O ENCANTO - Conto Clássico Fantástico - Anônimo Chinês


 

O ENCANTO

Autor chinês desconhecido da era Tang

(Entre os séculos VII e X d.C.)

 

Cheniang, filha do Sr. Chang Yi, tinha um primo chamado Wan Chu, a quem amava desde criança. Seu pai o havia prometido como marido, mas, chegado o momento, e pondo de lado a promessa feita, concedeu a mão da sua filha única a uma outra pessoa, um homem muito rico.

Dividida entre o amor apaixonado que sentia por Wan Chu e o afeto filial que lhe ordenava obediência ao pai, Cheniang não fazia mais que chorar, sem decidir-se por um ou por outro, até que Wan Chu, desesperado, decidiu abandonar a aldeia.

Quando já estava em seu barco, remando rio acima, ouviu uma voz que, da margem, o chamava:

—Sou eu! Sou eu, Chenniang, quem te chama!

Wan Chu voltou à margem e Chenmiang disse:

—Meu pai descumpriu a promessa que me fizera. Foi muito injusto conosco. Eu não suporto a ideia da separação e não poderia viver com outro homem sabendo que estás triste e sozinho no mundo. Decidi fugir contigo, deixando para trás a ira do meu pai, as lágrimas de minha mãe e a reprovação dos vizinhos da aldeia. Leva-me contigo, Wan Chu. Eu te suplico!

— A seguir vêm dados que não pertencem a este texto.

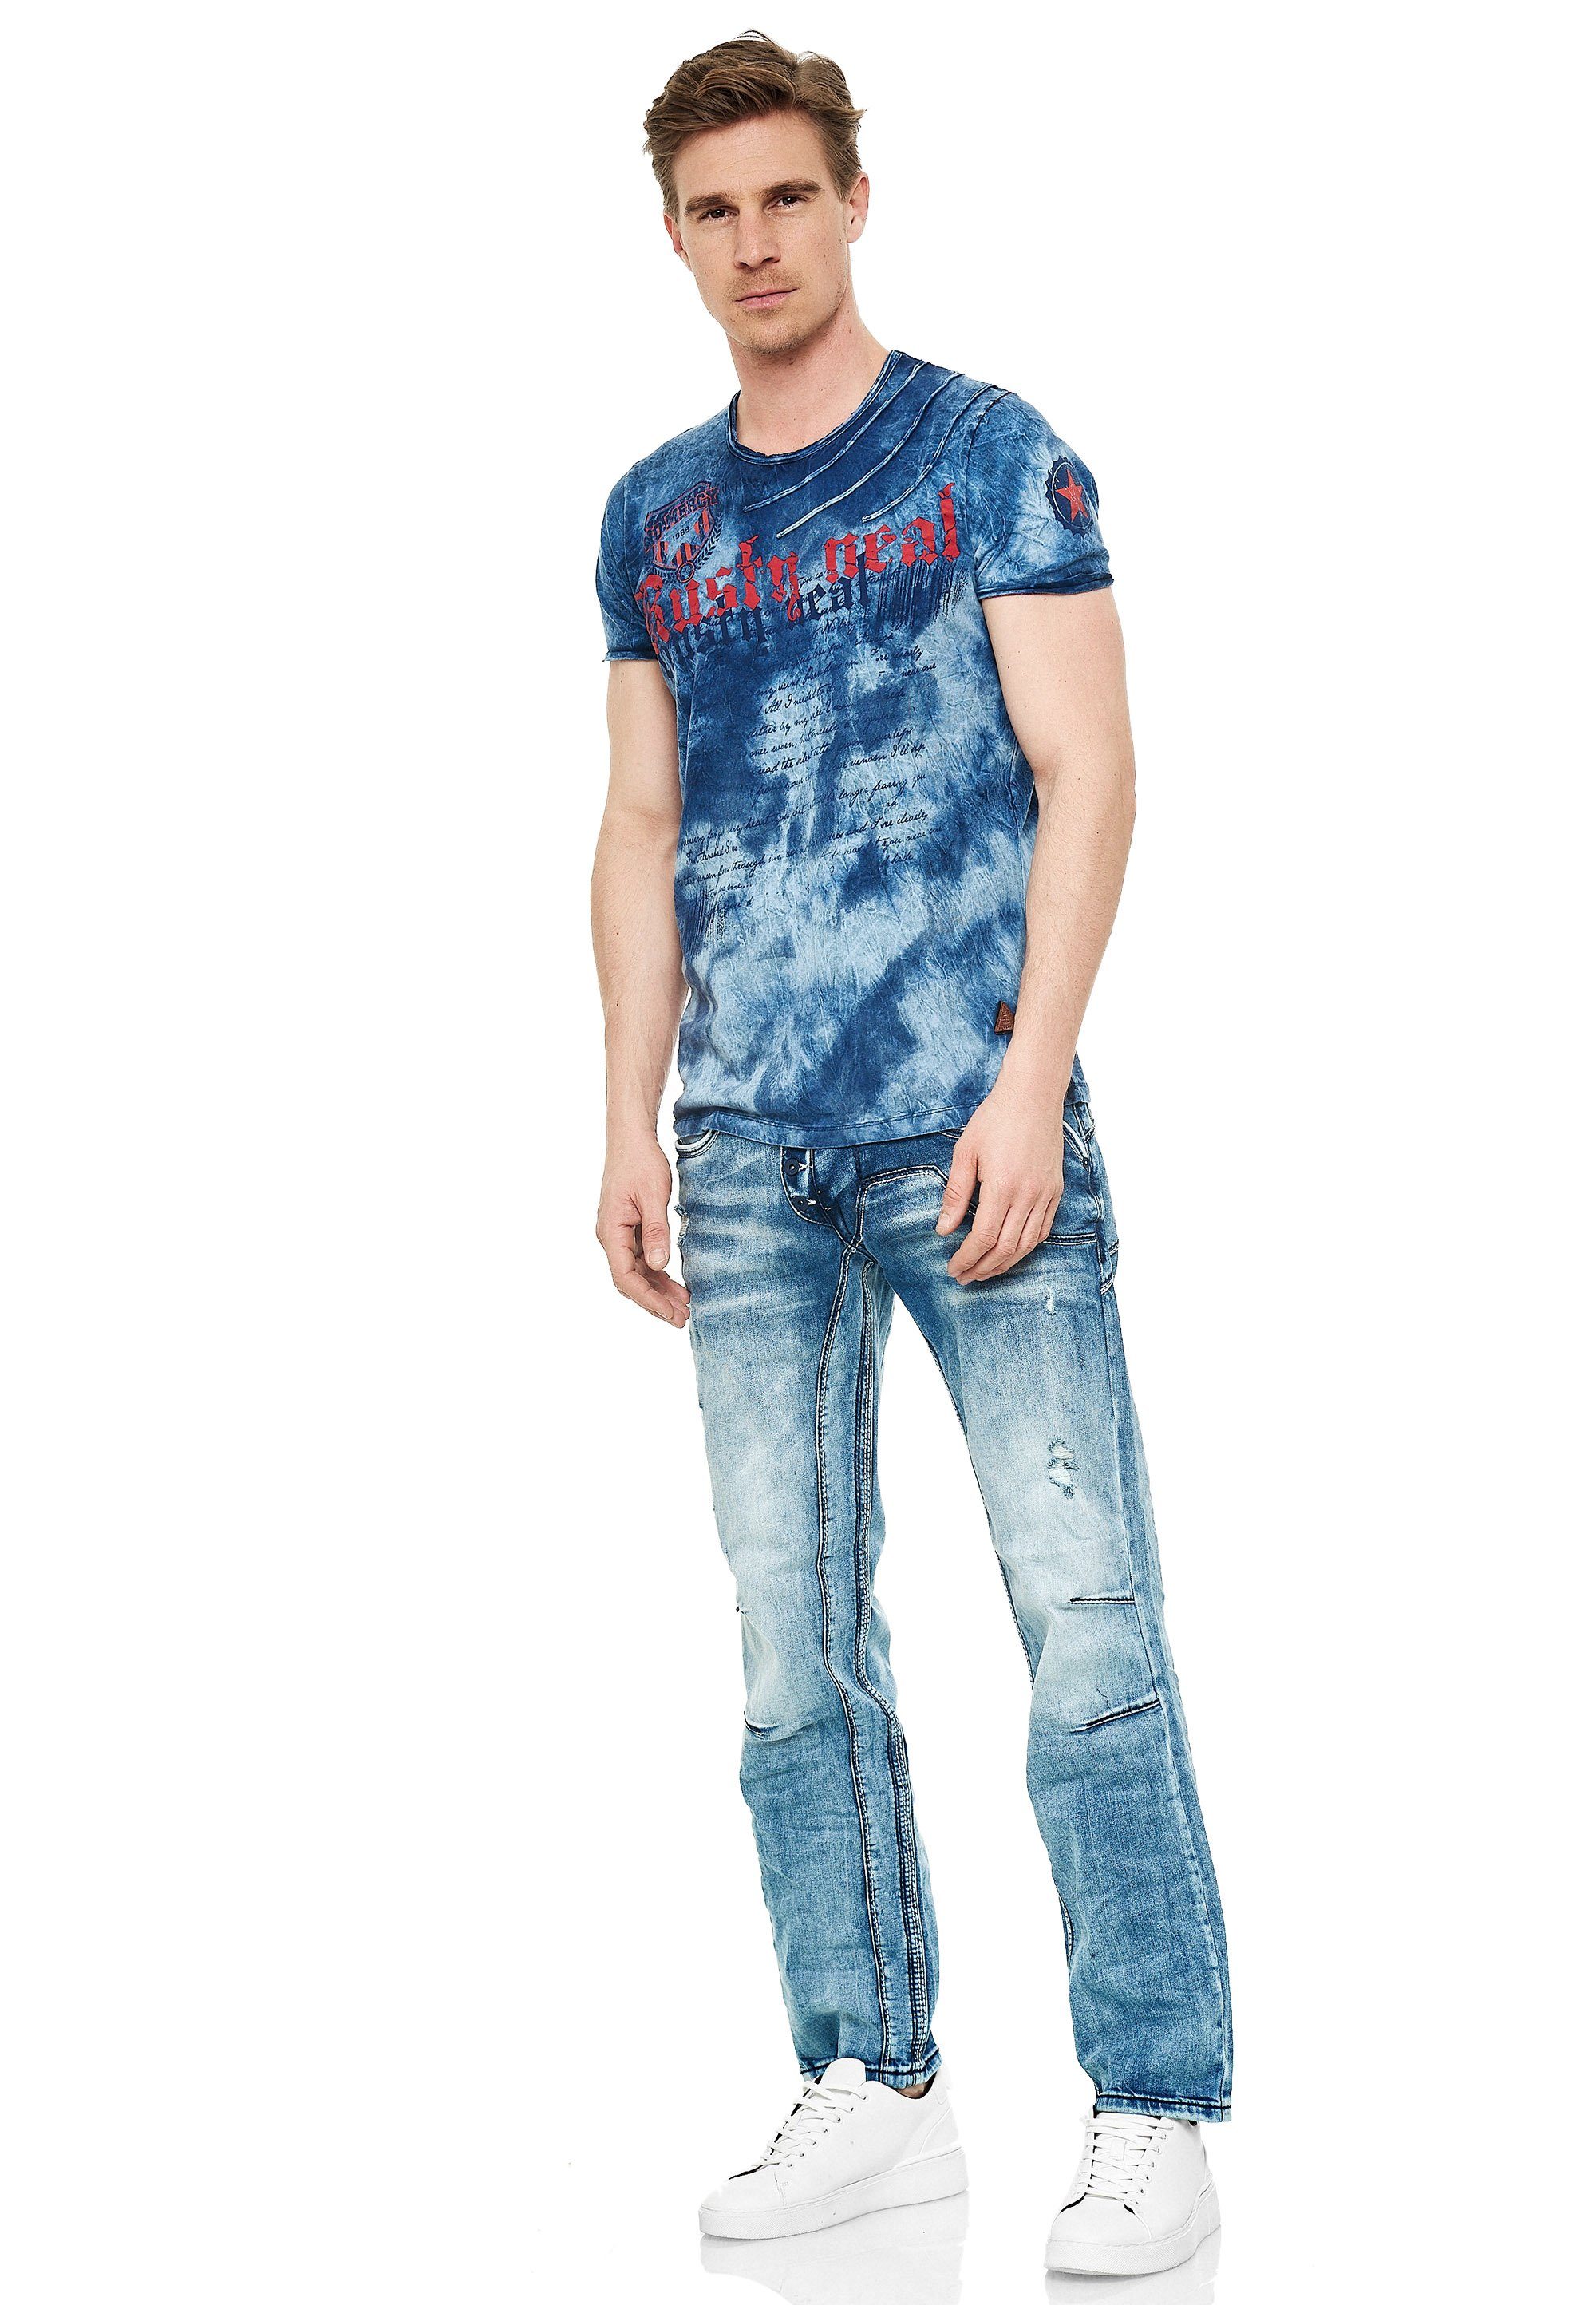 cooler Neal Jeans Bequeme Waschung mit Rusty

Wu Chu não desejava outra coisa.

Juntos, remaram rio acima até chegarem à cidade. Ali passaram cinco anos de felicidade e tiveram dois filhos, mas uma nuvem negra ocultava o sol da felicidade, porque Cheniang se sentia infeliz, pensando em seus velhos pais, e culpada por tê-los abandonado.

—Gostaria de voltar a vê-los, disse Cheniang.

Wan Chu respondeu:

—Depois de cinco anos, já não estarão zangados contigo. Com certeza, ficarão felizes em rever-te. E, também, é justo que conheçam os seus netos.

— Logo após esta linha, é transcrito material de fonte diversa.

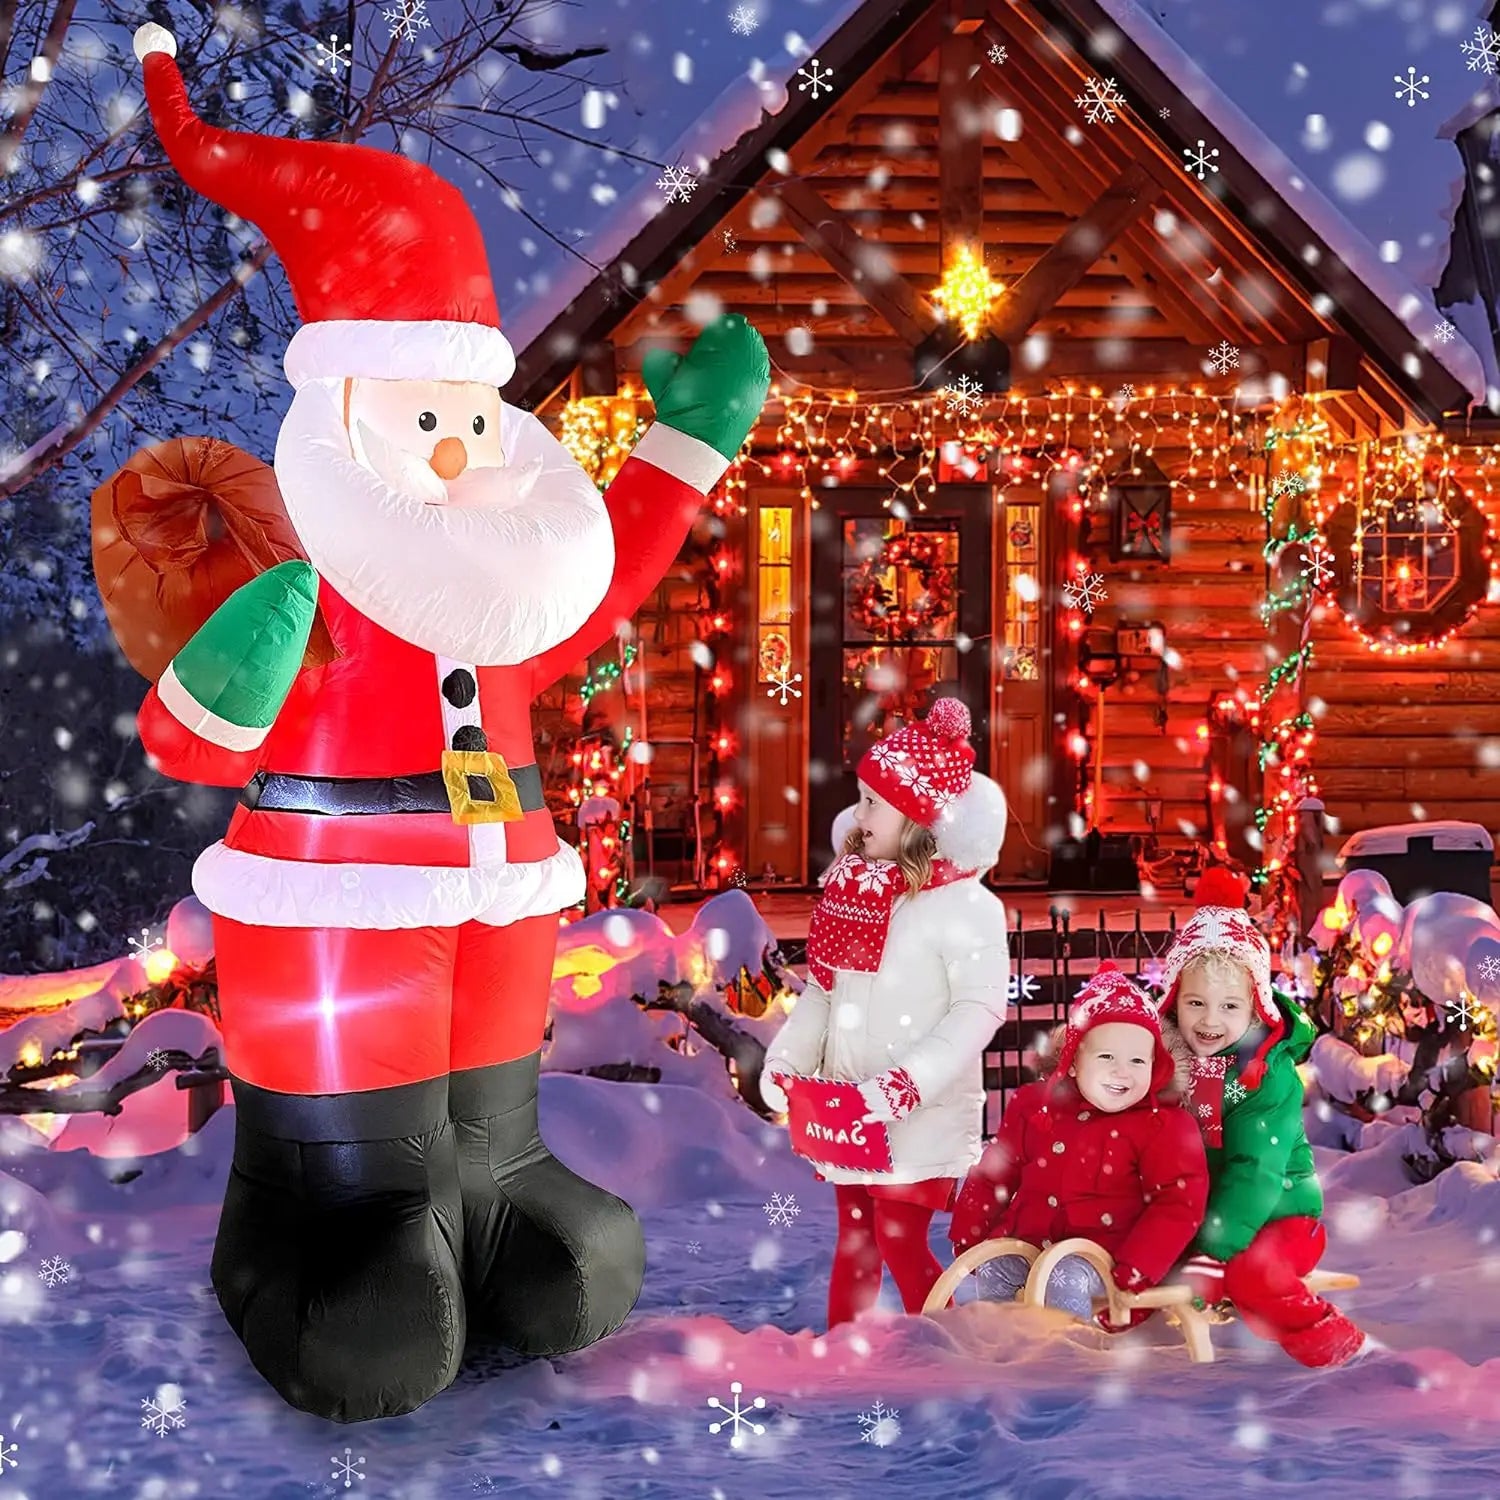 Santa Claus Inflatable Christmas Inflatables Decorations with LED Lights - Festive Blow Up Yard Decorations for Indoor and Outdoor Garden Decorations ShopOnlyDeal

Então, viajaram. A corrente arrastava o barco rio abaixo. Ao chegar à sua aldeia natal, Wan Chu disse à sua esposa:

—Não sabemos o que podemos encontrar depois de tanto tempo. Fica tu na barca com as crianças, enquanto eu, sozinho, procuro os teus pais.

—Bem pensado — respondeu Cheniang.

Wang Wu encontrou seus sogros sentados à porta de casa e ajoelhou-se diante deles, pedindo perdão por tudo que acontecera.

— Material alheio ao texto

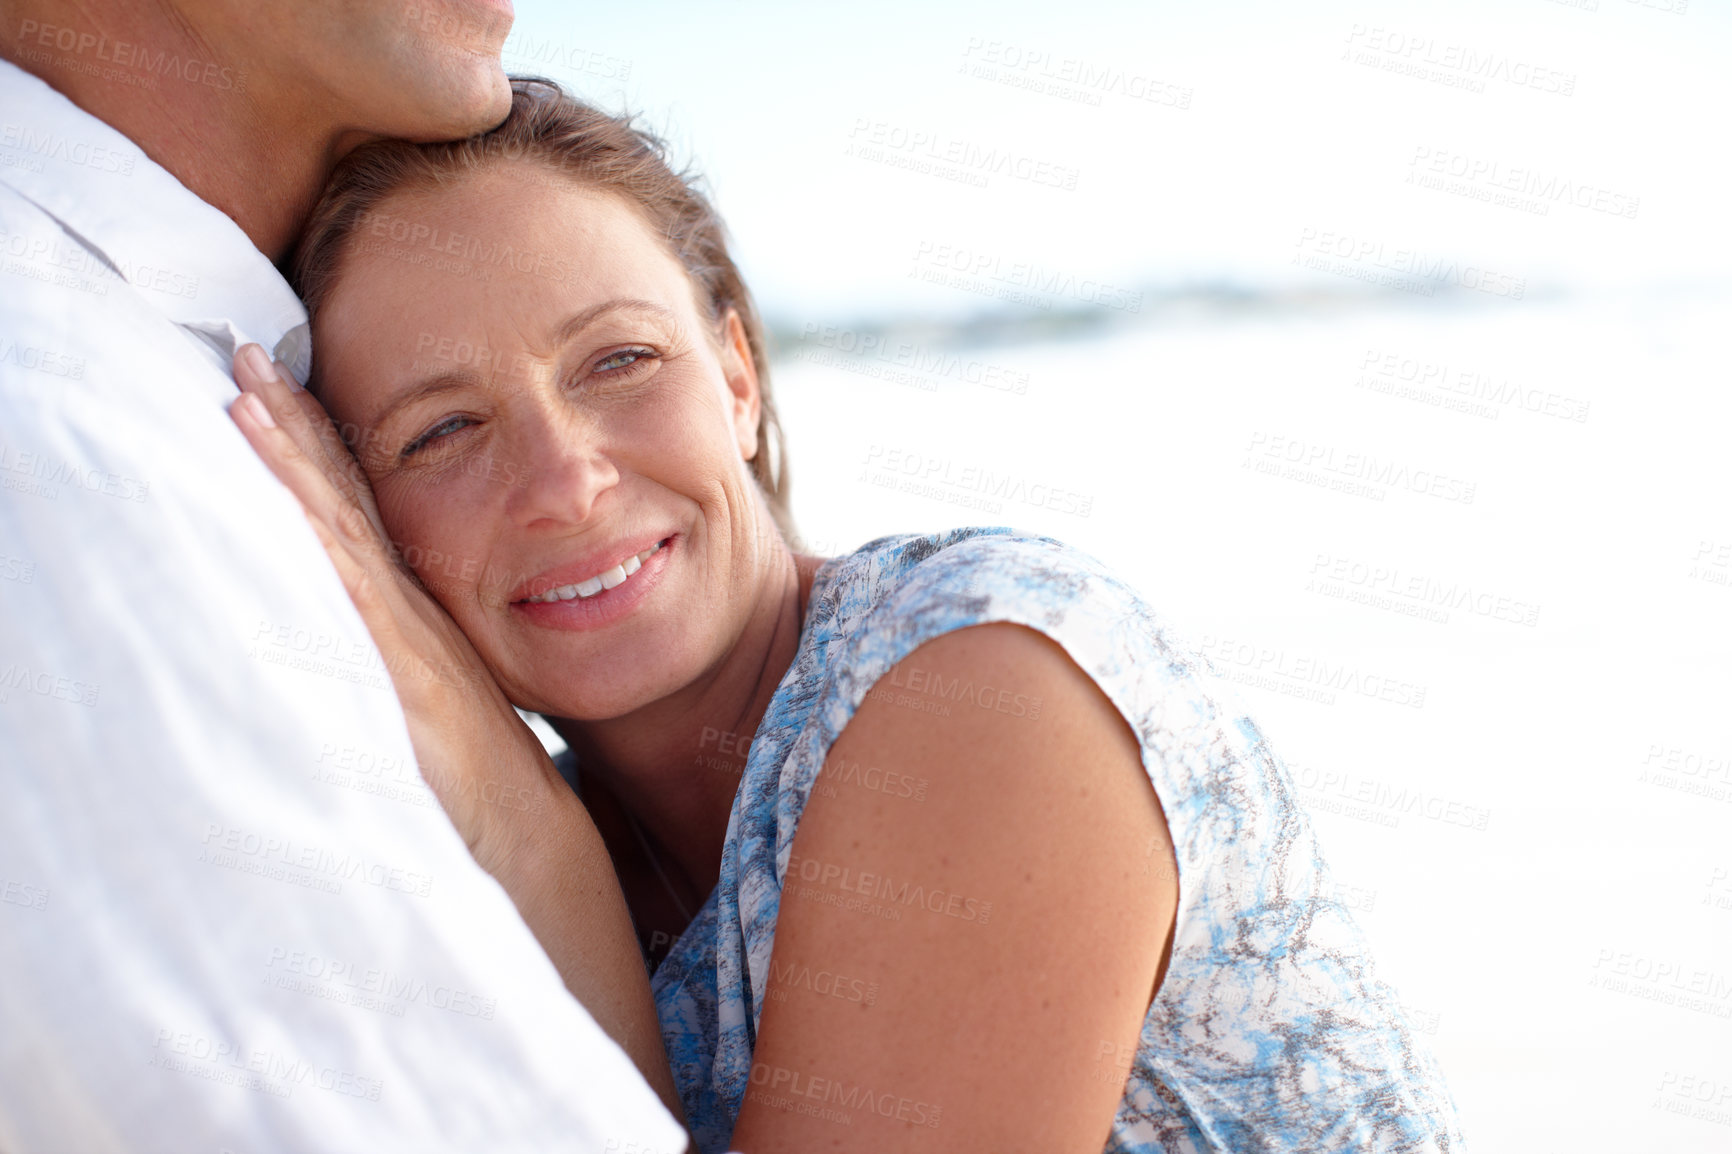 Buy stock photo A mature man embracing his happy wife from behind as they stand on the beach

Chang Yi lhe perguntou, estranhando:

—De que estás falando? Nossa filha jamais nos abandonou. Mais que isto, há cinco anos que está em coma, inconsciente. Não fala, não se move...

—Mas — replicou Wang Wu —, faz justamente cinco anos que Chenniang fugiu comigo para a cidade e, desde então, sempre desejou voltar a vê-los. Ela está no barco, esperando notícias.

—Impossível — insistiu Chang Yi. — Cheniang está aqui. Faz cinco anos que não fala ou se levanta da cama. Entra e verás.

Wan Chu entrou na casa e se encontrou com uma Cheniang que, por ter ouvido a sua voz, havia-se levantado, vestido e penteado com esmero. Agora, sorria-lhe.

Seus pais a contemplaram, surpresos. Wan Chu, confuso, correu à beira do rio. A Cheniang da casa o seguiu e seus pais foram atrás dela.

Entrementes, a Cheniang da barca, preocupada com a demora do marido, avançava pela senda que levava à aldeia.

As duas se encontraram na metade do caminho. Olharam-se longamente. Reconheceram-se. Sorriram-se e se fundiram num estreito abraço... Do amplexo saiu apenas uma Cheniang, mais bela que nunca.

Todos se regozijaram do ocorrido, mas, para evitar falatórios, decidiram mantê-lo em segredo

Uma janela da casa dos Chang permaneceu entreaberta para sempre e Cheniang e seu marido voltaram à cidade com seus filhos, onde juntos viveram mais quarenta anos plenamente felizes.

 

Versão em português de Paulo Soriano.